### Exercise materials:
>>>
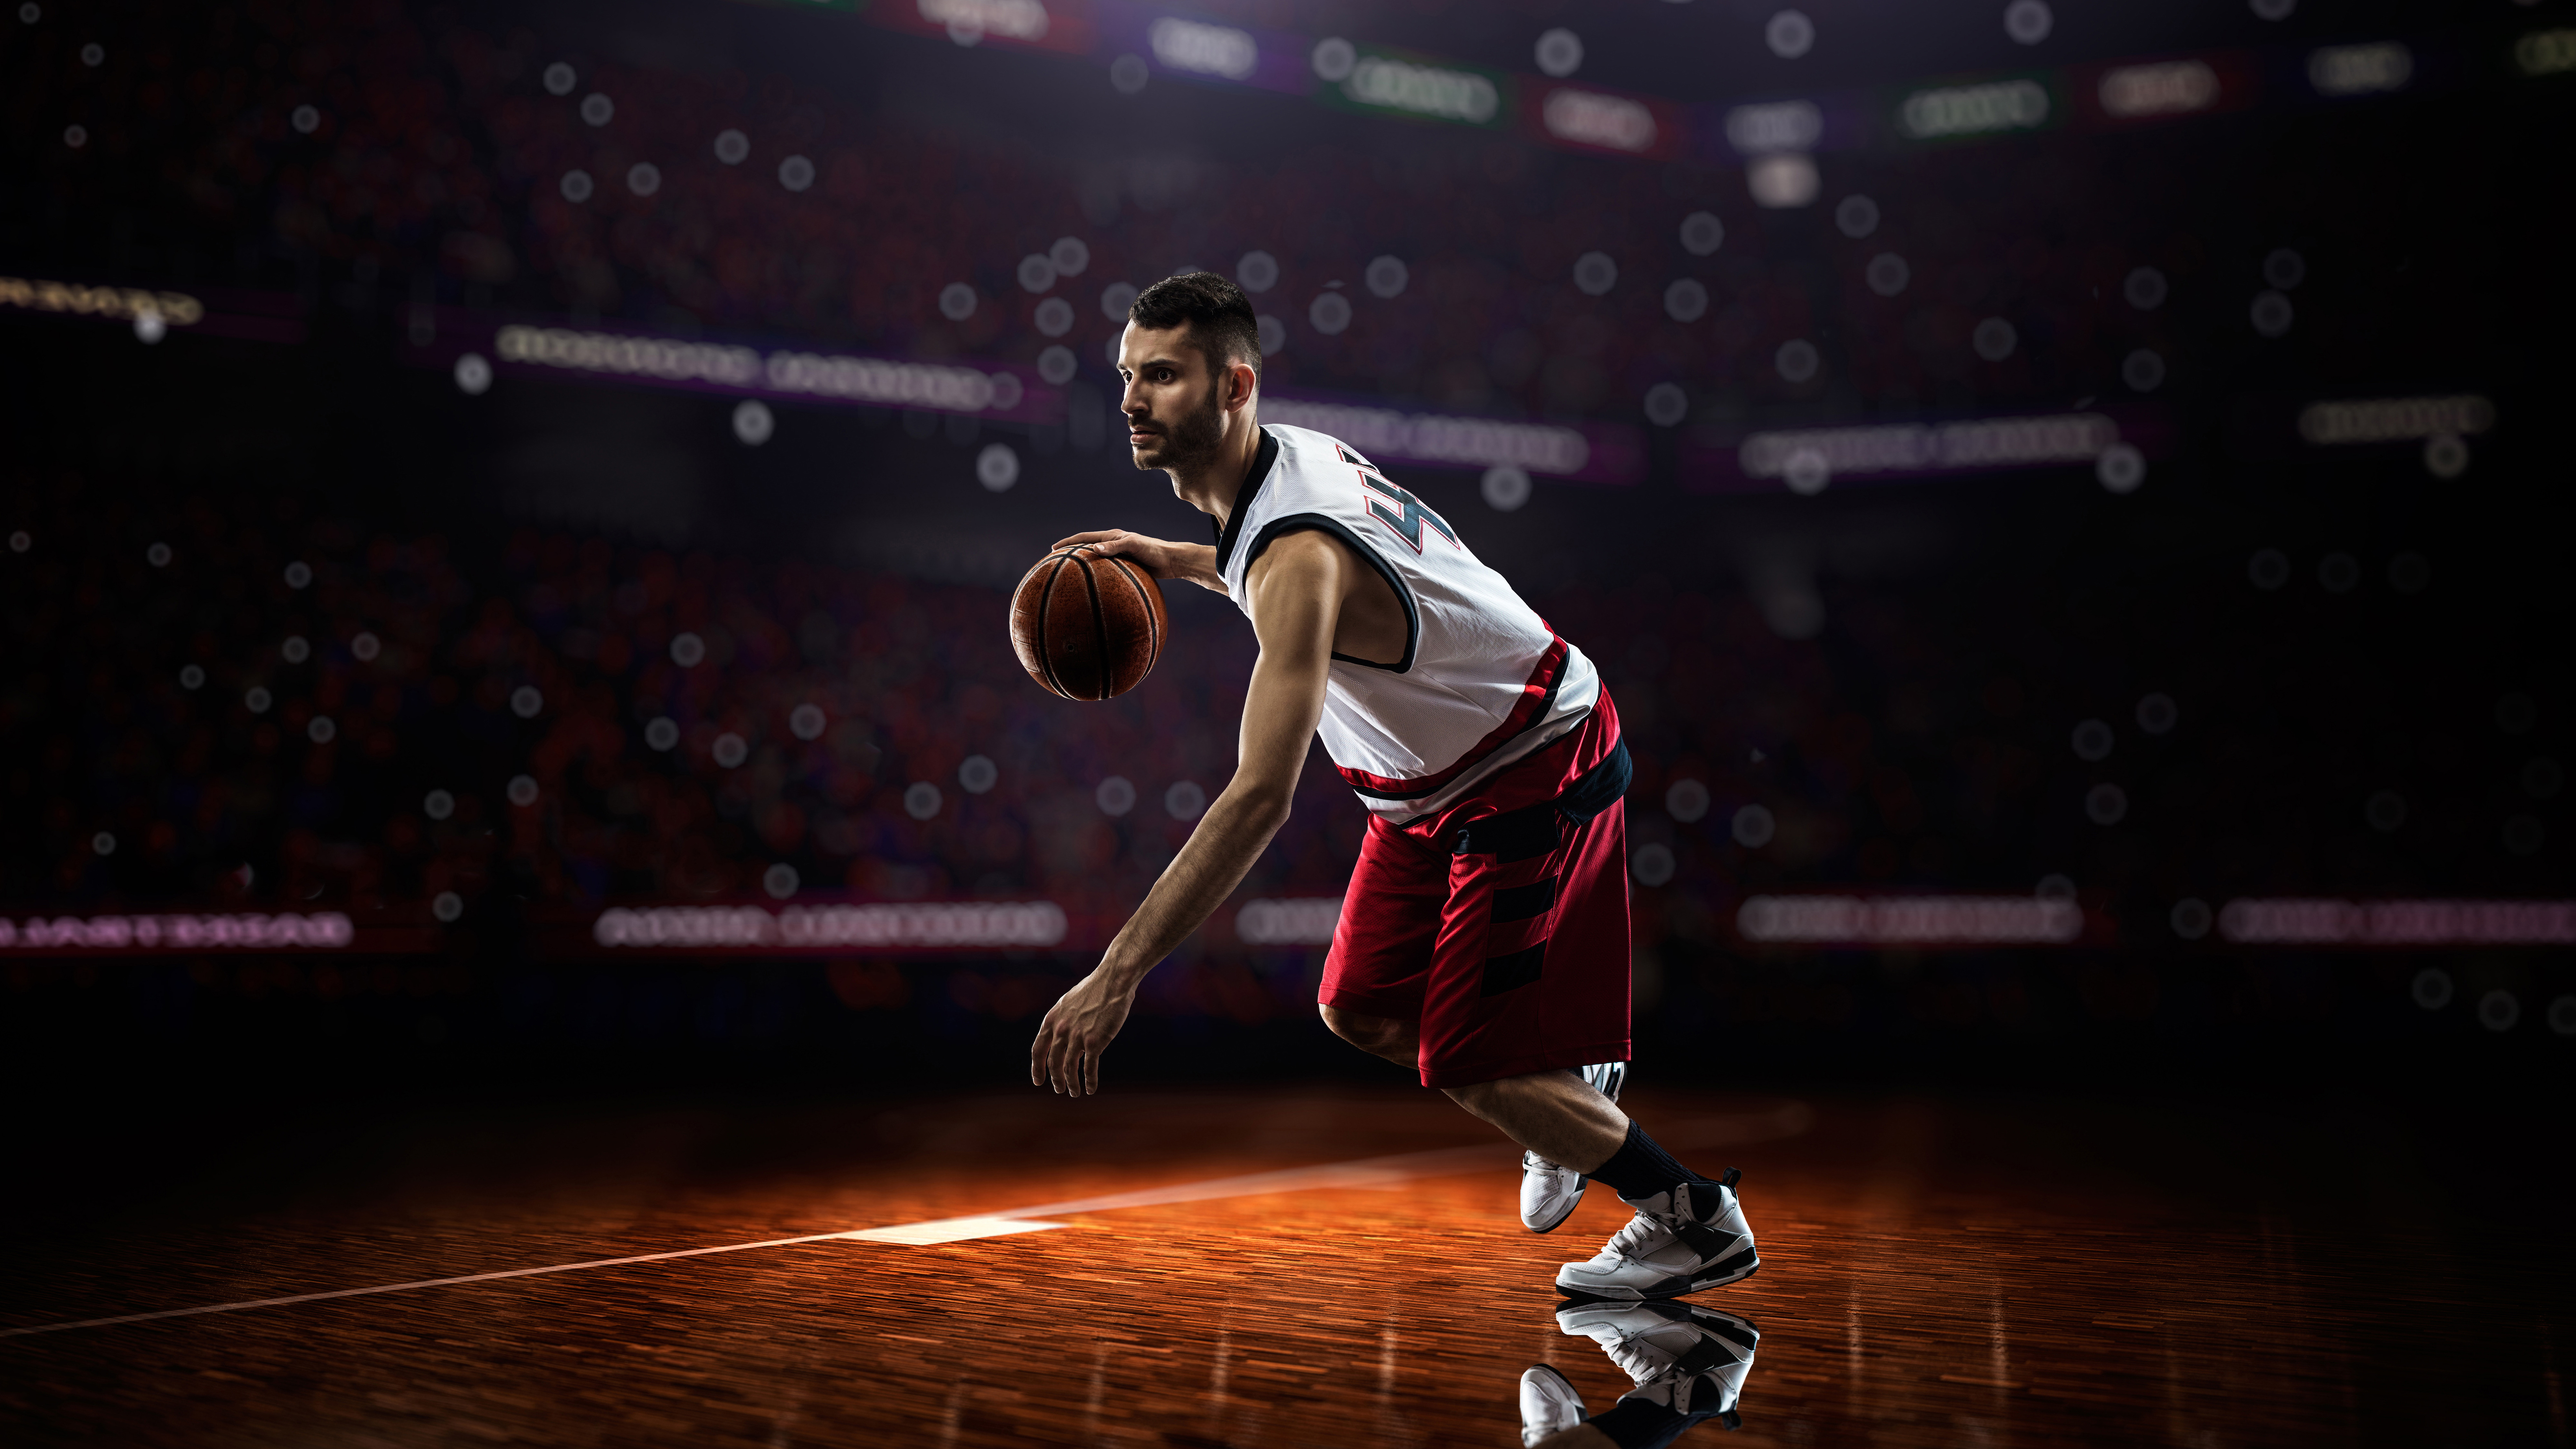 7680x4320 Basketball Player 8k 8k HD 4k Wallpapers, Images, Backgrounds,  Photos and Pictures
<<<
>>>
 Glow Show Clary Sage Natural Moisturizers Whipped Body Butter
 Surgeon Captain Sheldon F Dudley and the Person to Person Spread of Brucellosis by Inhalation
<<<
>>>
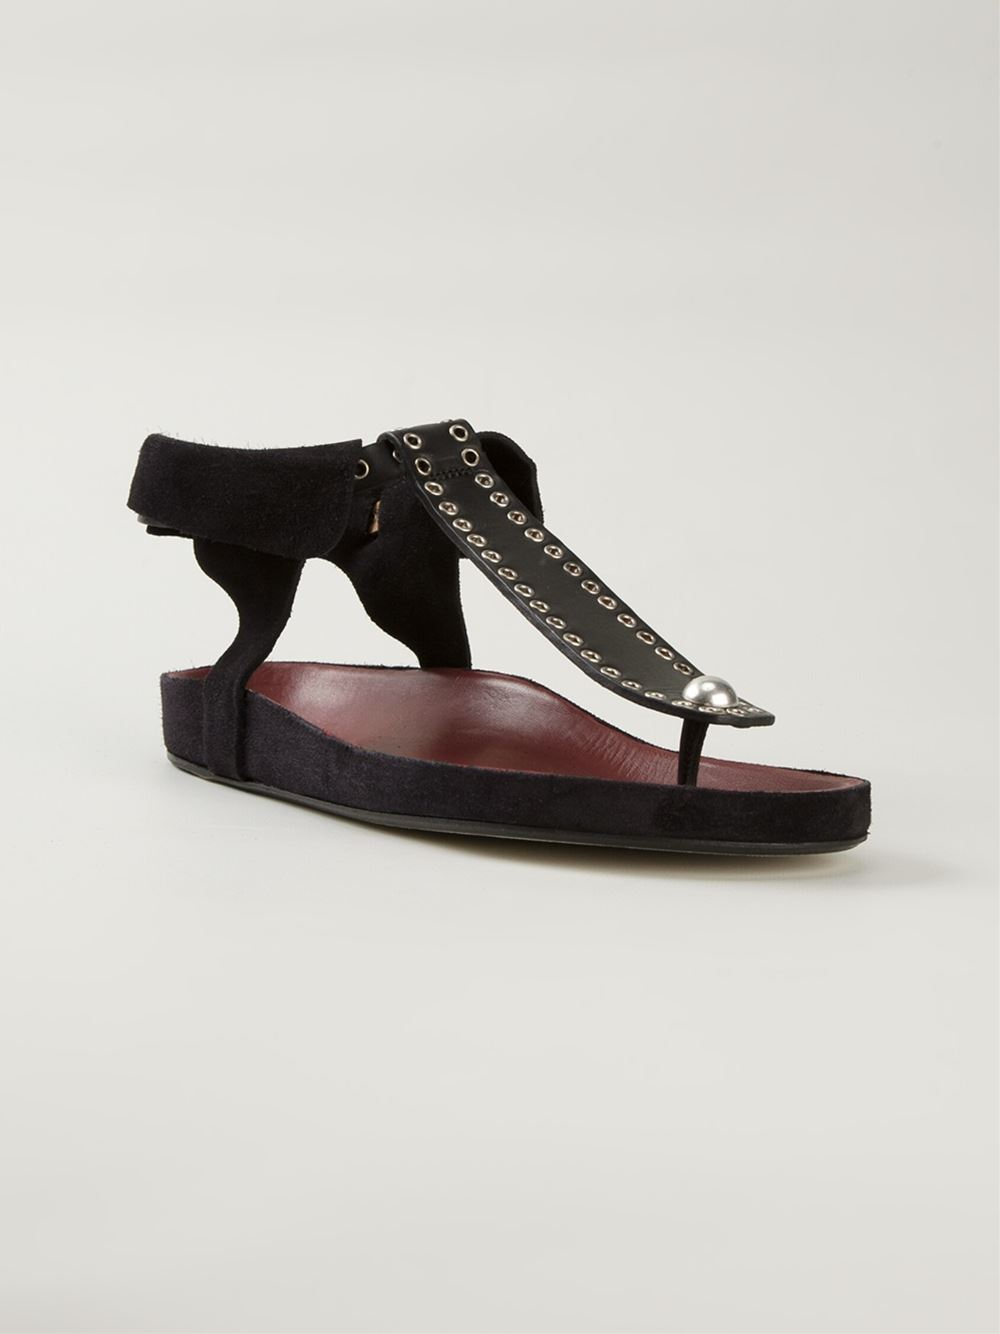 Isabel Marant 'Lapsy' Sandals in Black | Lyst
<<<
Extract the lines of the preceding material that run from the line with "Glow Show Clary" through the line with "Surgeon Captain Sheldon", inclusive, reproducing them exactly and adding nothing.

### Solution to this exercise:
 Glow Show Clary Sage Natural Moisturizers Whipped Body Butter
 Surgeon Captain Sheldon F Dudley and the Person to Person Spread of Brucellosis by Inhalation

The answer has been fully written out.